I've said this before: for all of the grief that Romney has taken for his multitude of flip-flops over the years, those are not, collectively, as damaging to Romney's ambition as the way the Republican Party has flopped on him. In 2008, RomneyCare was held to be an accomplishment with edge -- he'd neatly co-opted a key Democratic Party plank, universal health care, and delivered it to his constituents, using the individual mandate concept dreamed up by the conservative Heritage Foundation. Coupled with his time spent rescuing the Salt Lake City Olympics, Romney had reason to brag about his managerial acumen and problem-solving ability.

But after Romney's idea got re-co-opted by the Obama administration, Romney became another victim of the vagaries of tribal politics, which dictated that anything that even vaguely resembled ObamaCare was now anathema. Romney has tried to manage this mess by explaining away his own accomplishment as something that he never envisioned being imposed by the federal government. That argument hasn't gained much traction, probably because people essentially remember that his health care accomplishment was front-and-center during his 2008 run.

And if the reaction to Saul's statement proves anything, it's that the tribe has only become less inclined toward Romney's health care law. The fury, in this instance, was led by Red State founder Erick Erickson, who earnestly tweeted: "OMG. This might just be the moment Mitt Romney lost the election. Wow." Ever since then, he's been blogging about Saul's statement as if it were a massive disaster, assuring his readers that "Mitt Romney’s ardent supporters are fit to be tied today." Rush Limbaugh has since piled on, telling his listeners that "Andrea Saul's appearance on Fox was a potential gold mine for Obama."

The sentiments being expressed by Erickson and Limbaugh, it should be noted, are not universal. Erickson himself has written about some of the negative reaction to his remarks, and while no one he cites defends Saul, there are apparently some who are giving Erickson grief about his outsized reaction. Erickson, however, haughtily dismisses these concerns:

Andrea Saul cited Romneycare approvingly, conservatives rightly piled on, and Romney supporters are defending the guy.

“You’re hurting him,” cried one.

“Thanks for making this the big story of the day, Jackass,” cried another.

Andrea Saul made this the big story of the day. She is hurting Romney. She is an official voice of the campaign. This was an unforced error of monumental idiocy and the blowback is deserved, appropriate, and -- most importantly -- absolutely necessary.

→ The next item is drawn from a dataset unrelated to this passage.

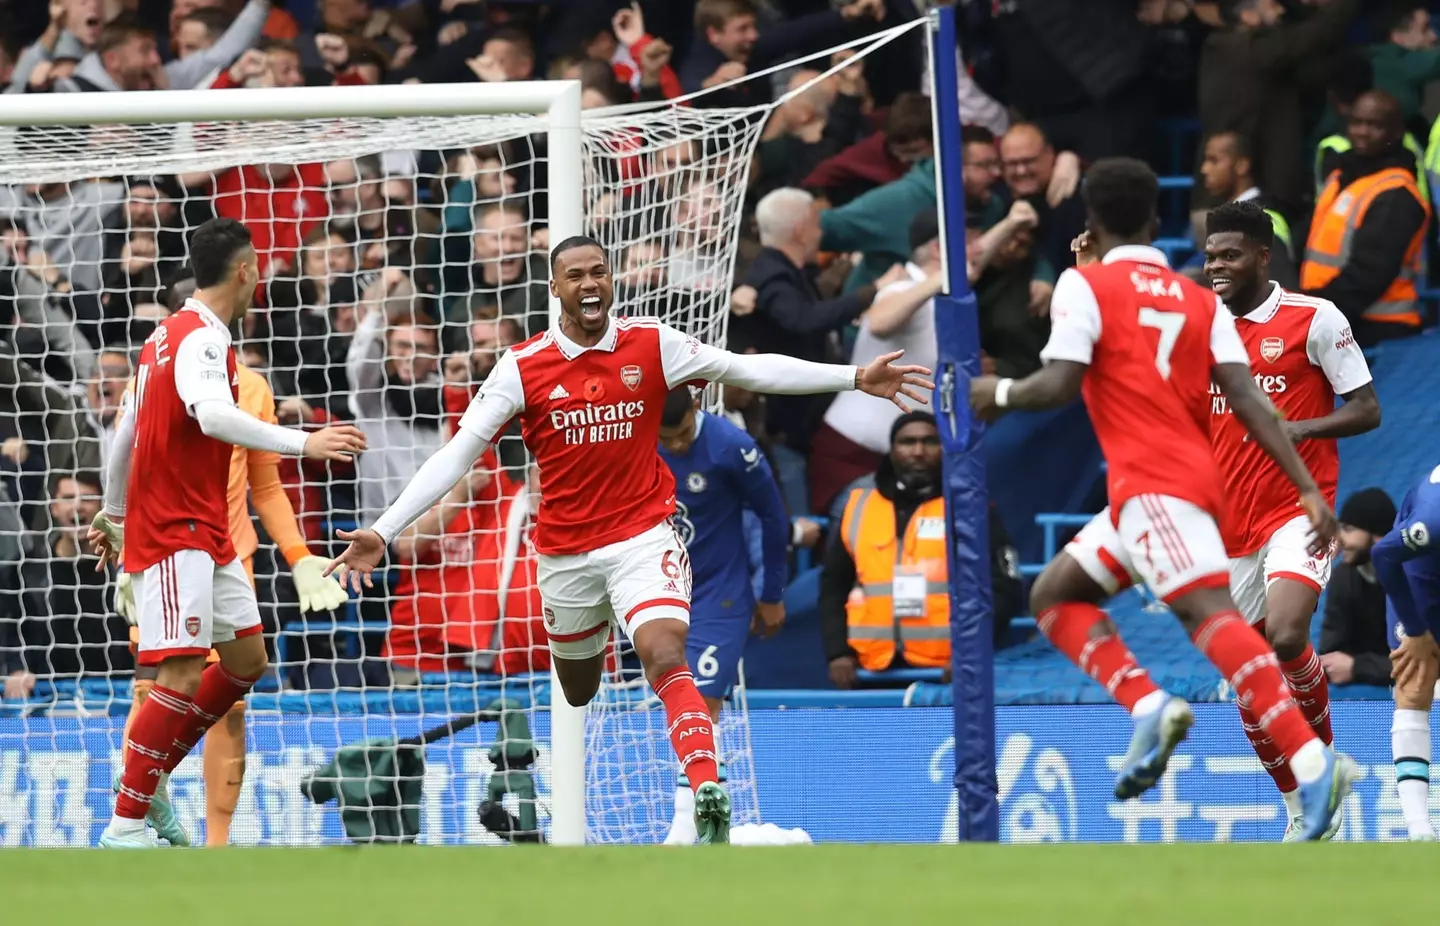 Arsenal defender Gabriel celebrates his goal against Chelsea on Sunday. (Image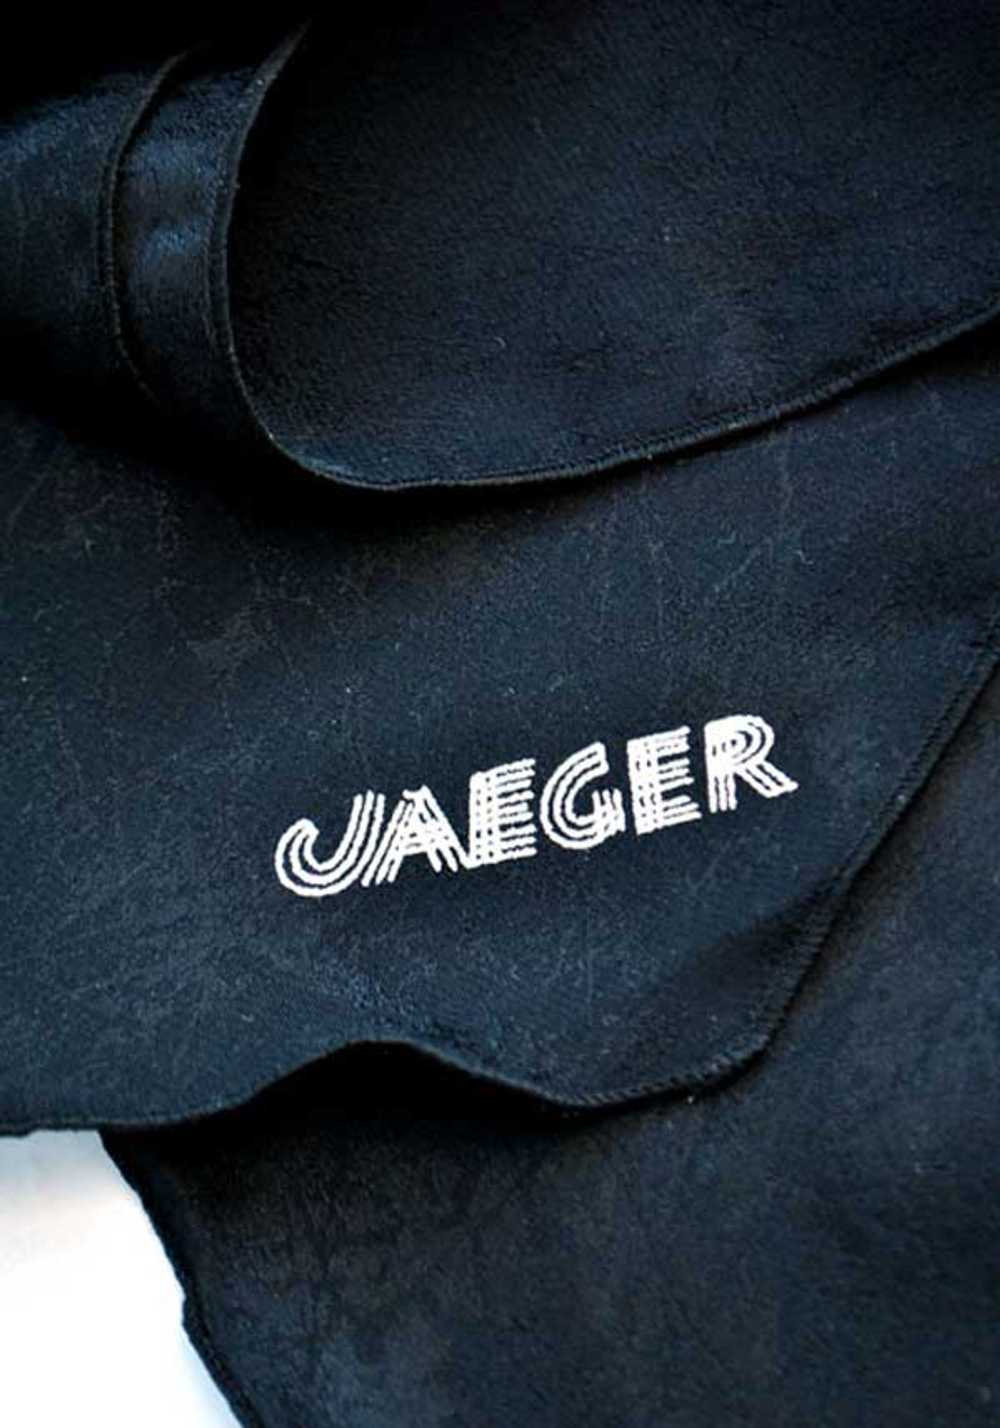 Women's Vintage 70s Jaeger Black Silk Scarf - image 3

He goes on to approvingly cite the remarks tweeted by fellow RedStater Dan McLaughlin:

What conservatives are doing re Andrea Saul's comment is the same as how you housebreak your dog. Romney needs to know not to go there.

Tie Andrea Saul to the roof of a car and drive her to Canada, I guess!

At any rate, Saul's comment is now bound, inevitably, for the Kinsley Gaffe Hall Of Fame -- the "Kinsley Gaffe" being, let's recall, when "a politician tells the truth -- some obvious truth he [or she] isn't supposed to say." But I'm not sure people understand that this particular Kinsley Gaffe deserves an asterisk -- it's only a gaffe by dint of the fact that so much has changed between 2008 and 2012. And for that reason, I'm not sure people fully understand just how outrageous it would be for Saul to be subjected to "housebreaking" over this flap.

[CORRECTION: This piece has been edited to remove an inadvertent reference to René Goscinny's beloved comic book series, and replace it with the word "asterisk." Je suis désolé.]